Das wird genauso gehandhabt wie in der Fotografie. Kein Künstler wird seinen eigenen Markt zerstören, indem er unerlaubt weitere Kopien in Umlauf bringt. Durch die Digitalisierung können die Kunstwerke heute mittels USB-Stick gehandelt werden. Der kommt in eine Box, mit einem Zertifikat, in dem der Künstler versichert, dass dies eine Kopie einer Edition von beispielsweise fünf ist, dass er eine Masterkopie als Sicherheit für sich behält und dass er den Film im Nachhinein nicht mehr verändert.
Wie bei Spielfilmen oder Fotografien könnte man nur das Nutzungsrecht verkaufen, sodass die Video-Werke auch für andere zugänglich blieben und nicht in einem Archiv verschwinden.

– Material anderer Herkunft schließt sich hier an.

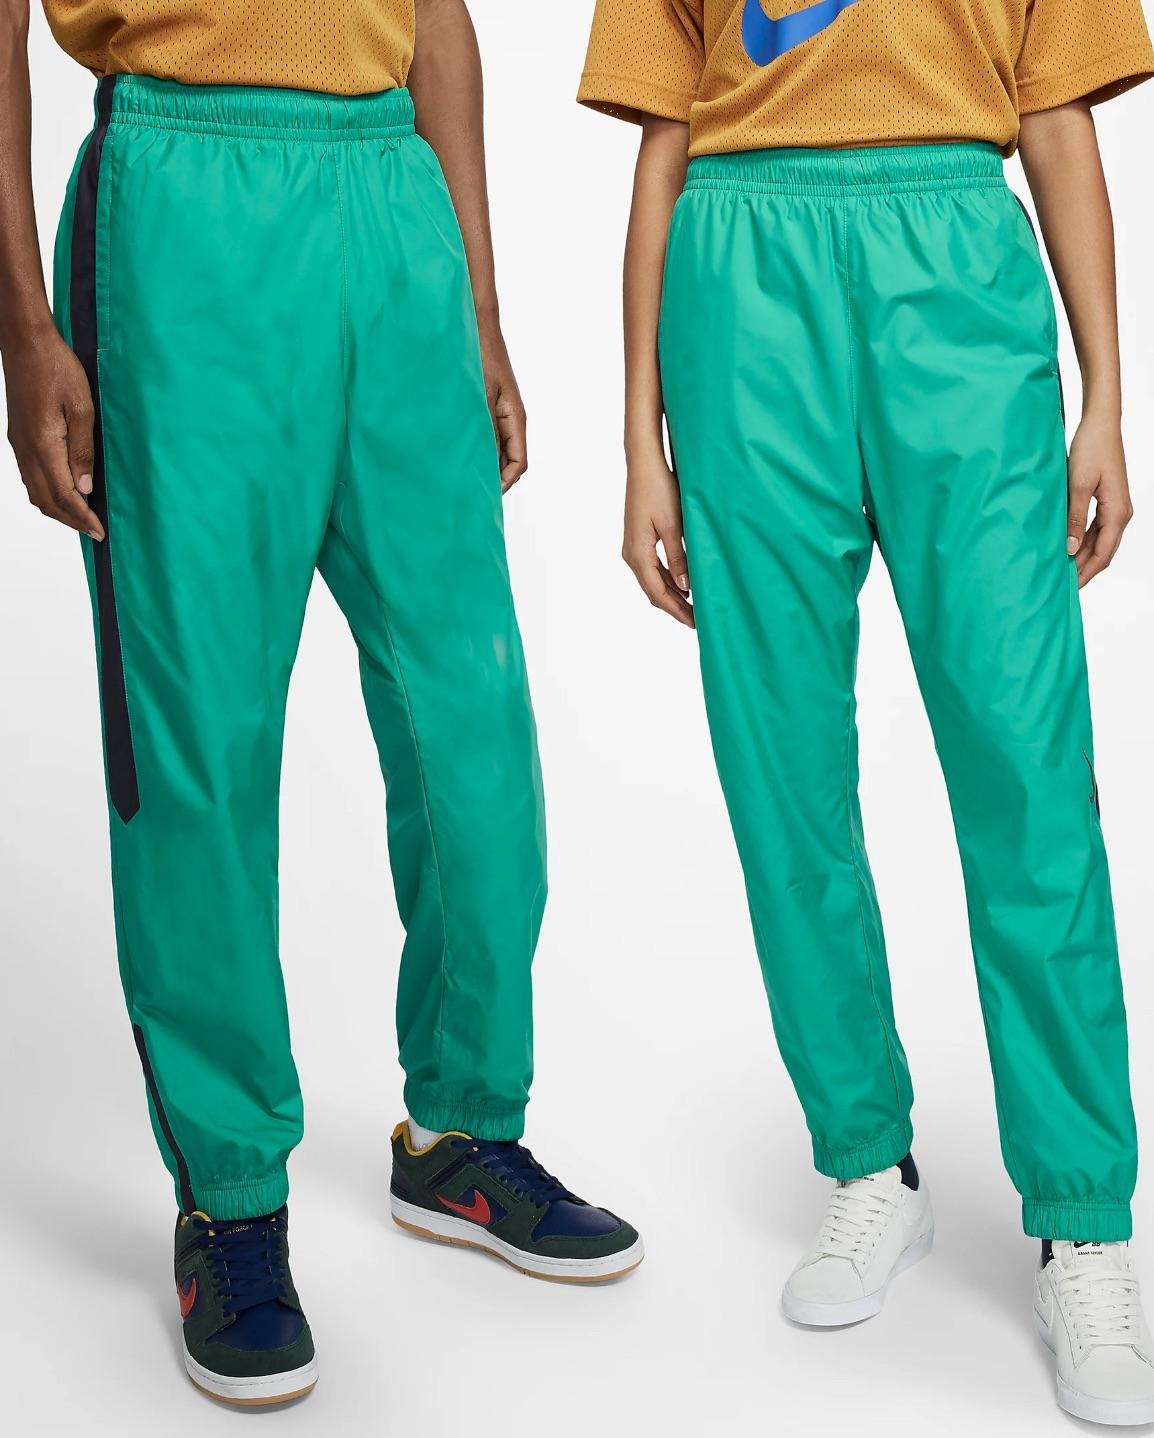 Pantalón deportivo Nike SB Shield que combina un tejido resistente al agua con una silueta ligera y diseñada para el movimiento que permite seguir patinando aunque el tiempo empeore.

Ob auch die Videokunst und der künstlerische Film in Zukunft nur noch so gehandelt werden und ob damit eine größere Verbreitung einhergeht, wird von den Angeboten entsprechender Plattformen abhängen. Die Coronakrise hat dazu beigetragen, dass bereits vorhandene Möglichkeiten der Partizipation verstärkt angenommen werden. Mit der Hamburger Kollegin Julia Sökeland habe ich 2012 die Plattform Blinkvideo geschaffen. Darüber kann man sich ca. 2.000 Video-Kunstwerke anschauen. Die Plattform nutzen vor allem Kuratoren und Sammler zu Recherchezwecken. Verkauft wird allerdings noch immer über die Galerien.
Wie kommen Sie an neue Künstler und wie kommen die zu Ihnen?
Ich bin viel international unterwegs, gehe immer noch sehr viel in Hochschulen und bekomme Tipps von anderen Künstlern, Ausstellungsmachern oder Kunstprofessoren. Eigentlich habe ich schon zu viele Künstler, die ich betreue. Aber ich bin viel zu neugierig, um mit einem statischen Künstlerprogramm zu arbeiten. Ich schaue immer: Wo gibt es neue künstlerische Tendenzen, die ich vorher so noch nicht gesehen habe.
Haben Sie zu einigen Künstlern eine lange Verbindung?
Ja, mit dem Fotografen Anton Corbijn z. B. arbeite ich schon 25 Jahre zusammen. Mit vielen Künstlern entstehen zum Teil enge Freundschaften. Es ist das größte Glück für mich, an ihrer Welt teilhaben zu dürfen. Das eröffnet mir immer wieder neue Horizonte.